# Topic Modeling with Gensim LDA
This code replicates the Google Colab topic modeling notebook for use on Jupyter Notebook or another local Python environment.

Below, Gensim is used to create LDA topic models of a pre-loaded dataframe of texts. Methods for evaluating topic coherence and analyzing topic output are also demonstrated. 

LDA topic modeling is based on the assumption that documents are a mixture of topics (# topics is set by the researcher) and that topics are a mixture of words. To determine which words belong to each topic, the LDA model randomly assigns each word in a set of documents to a topic, then iterates through the assignments and makes adjustments until all words are assigned to the topics where they have the highest probability of belonging. 

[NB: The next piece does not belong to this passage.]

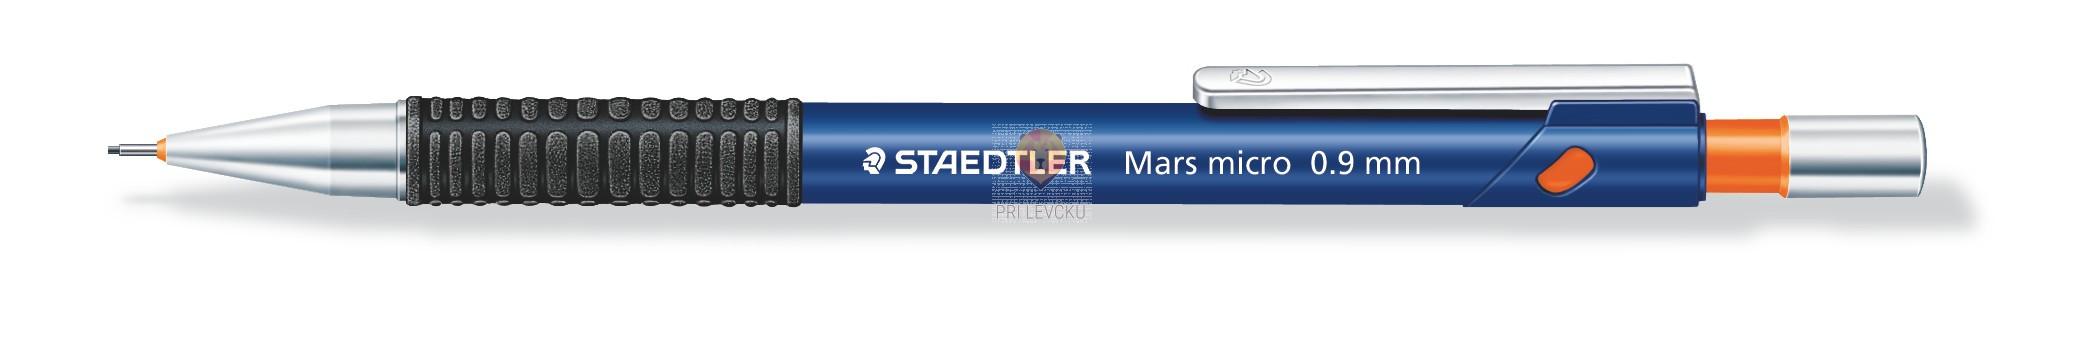 Tehnični svinčnik Mars Micro 0,9mm Staedtler

This code is adapted from [Intro to Topic Modeling with Gensim and pyLDAvis](https://github.com/hawc2/text-analysis-with-python/blob/master/Topic_Modeling.ipynb).

LDA topic modeling can be used with aggregated or disaggregated data.
It works well with disaggregated texts from the Text Sectioning and Disaggregation code from [this repository](https://github.com/SF-Nexus/Extracted-Features).


## Install and Load Packages
This code requires three main packages:
- **NLTK:** Cleaning disaggregated data
- **Gensim:** Preprocessing data and creating word embeddings, coherence models and topic models
- **LDAvis:** Visualizing topic models

Several other packages for wrangling and processing the data, such as io and pandas, will also be installed. 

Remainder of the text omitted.